The dividing line between unthinking paywall and business-model innovation can be a bit murky. Covering the New York Times' anticipated paywall strategy, Digiday's Josh Sternberg last October wrote that the Wall Street Journal's base subscription ($260 a year) made them paywall "hardliners". At the same time, he praised People magazine for offers that ranged from $112 to $200 a year.
But here's the thing about those hardliners at the Wall Street Journal: they are offering access for about $1 an issue. The People "paywall" charges $2 to $3.80 an issue, depending on the option you pick. Good work if you can get it, but what makes People innovative and the Journal a bunch of hardliners? Maybe there's a psychic price point around $200, but if so, we can always try changing the way that price is expressed.

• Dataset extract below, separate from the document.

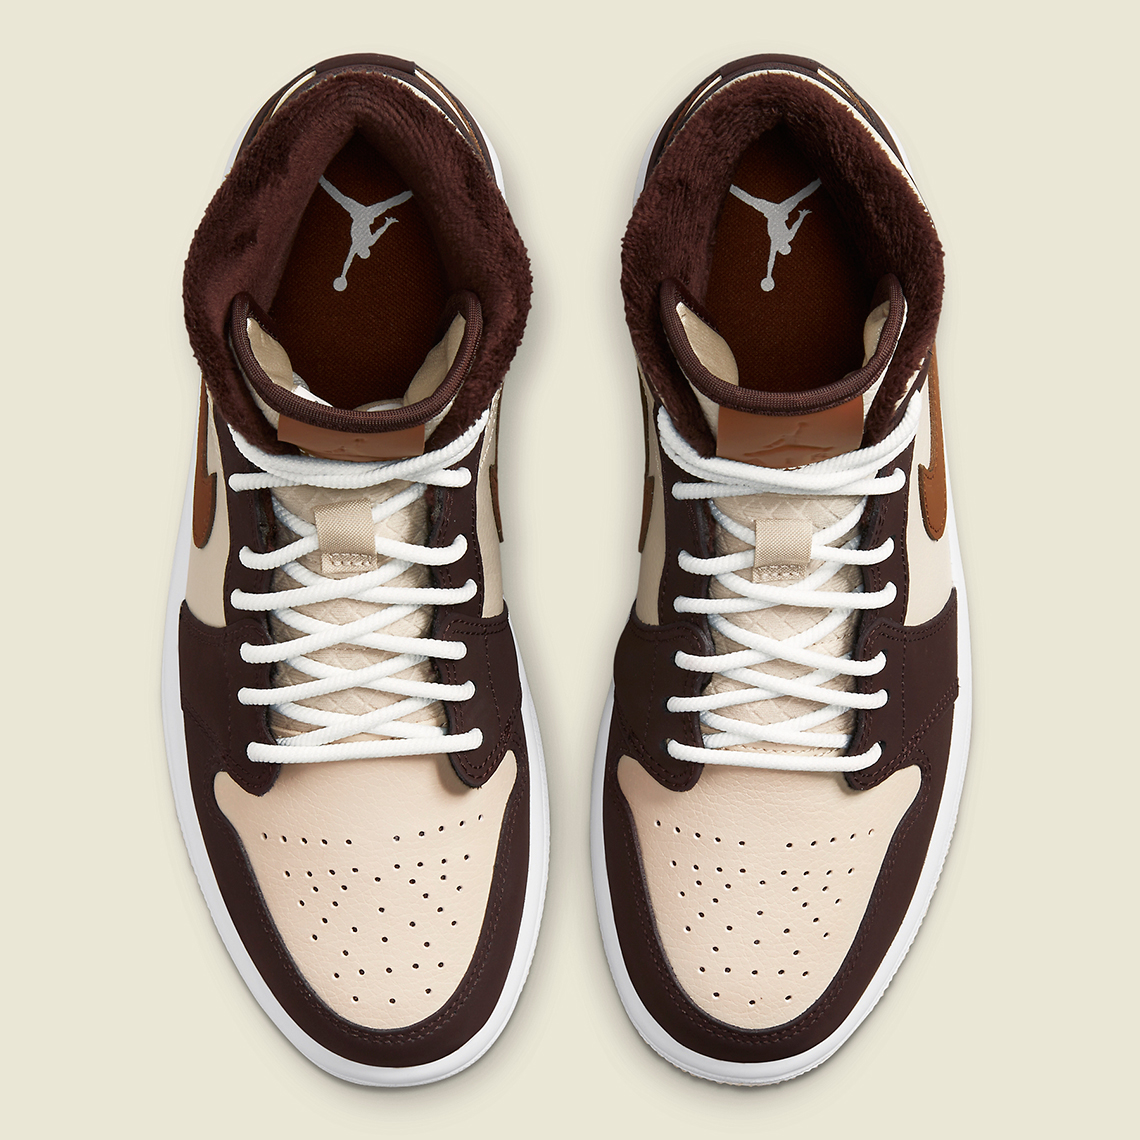 Air Jordan 1 Low “Mocha Brown” Release

Admittedly, it's hard to get people to pay for content. At least, it's hard to get people to pay full boat, though the reasons are not always clear. A generation raised on low subscription prices for ad-supported media may well have been taught (by publishers) to devalue content overall.

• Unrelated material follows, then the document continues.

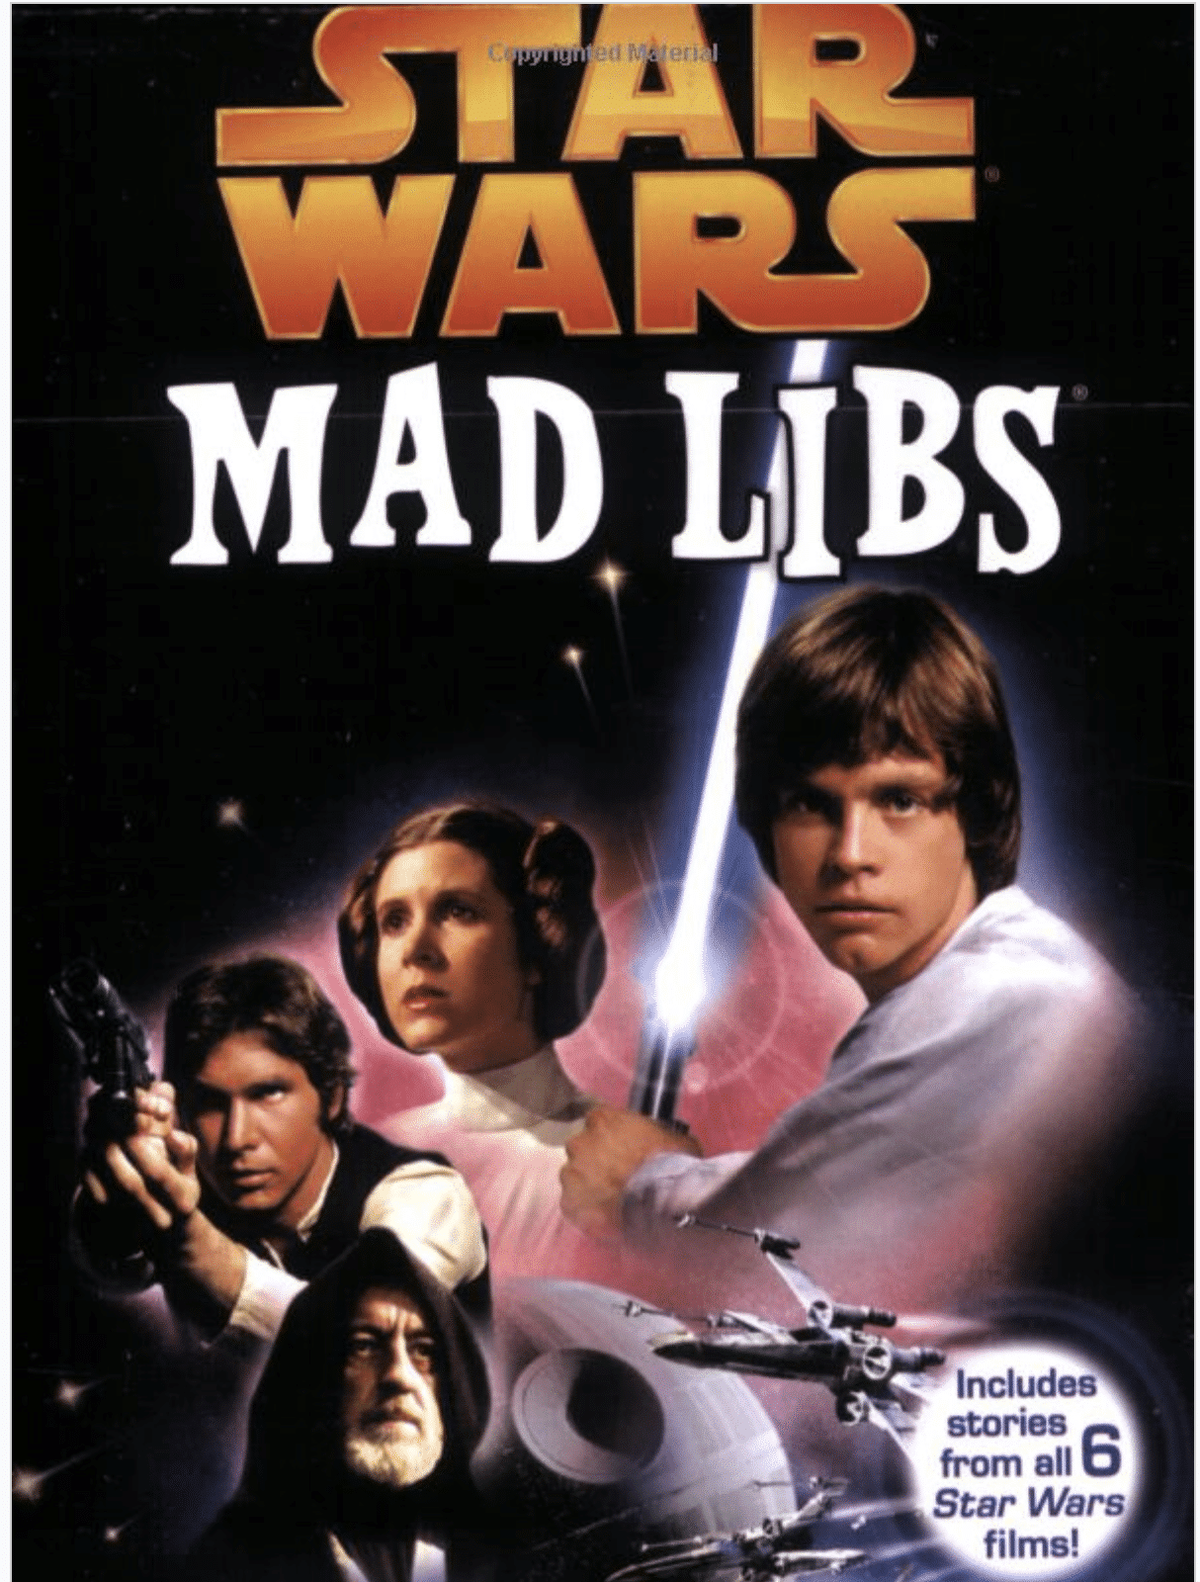 Звездные войны: Mad Libs - развлечение для детей и взрослых

Writing for GigaOm, Mathew Ingram himself bumps into a variation of this challenge in "Why the New York Times needs to think less about products and more about relationships", a post he wrote about evolving paywall strategies at the paper.
The Times is developing "micro-paywalls around specific topic areas or content verticals such as food, real estate and opinion." Ingram supports the move but not the thinking behind it:
This is all well and good, but one thing made me stop short: namely, the fact that the paper refuses to call what it is doing a “membership” program, but insists on talking about it as a “premium product” offering instead. This is a mistake.
Why is it a mistake? Because personal relationships are what drive an increasing amount of media-related consumption and activity now — not products, but people. This trend has been fueled by social media such as Twitter and Facebook, but it wasn’t created by them. It’s an innate human desire, and (as I’ve argued before) the best pay models take advantage of that desire and build paywalls that are based on readers’ relationships with specific writers.
In effect, Ingram is arguing that the Times should "disaggregate supply", unbundling newspaper content and letting readers choose the relationships they want to pay for. The Times, fearful that too much of a good thing is a bad thing, is moving slowly on the idea that it should unbundle itself.
Membership-driven associations face a similar challenge. Historically, the association value proposition comes from a collective funding of the commons. We all contribute something, and we gain access to a core offering. In some cases, the core offering provides benefits – lobbying, as an example – of value to only a subset of membership.
Few associations are comfortable unbundling the membership offer, much as most cable providers are slow to offer a la carte channel access. Ingram is right to point out that dragging your heels on a market demand for disaggregated content leaves your traditional business vulnerable.
While I'm not convinced that the world is moving to "paywalls that are based on readers’ relationships with specific writers", it clearly is happening already at the margin. Where it ends up is a guess.
In his Digiday post, Sternberg wrote that "The paywall is growing up because it has no choice. Publishing is a hustle these days, and those willing to try and fail will end up ahead." I think that's where we need to be these days … experimenting. Dismissing ideas just out of the gate will certainly lead publishers to miss some good opportunities. At this point, we just need to craft the experiments.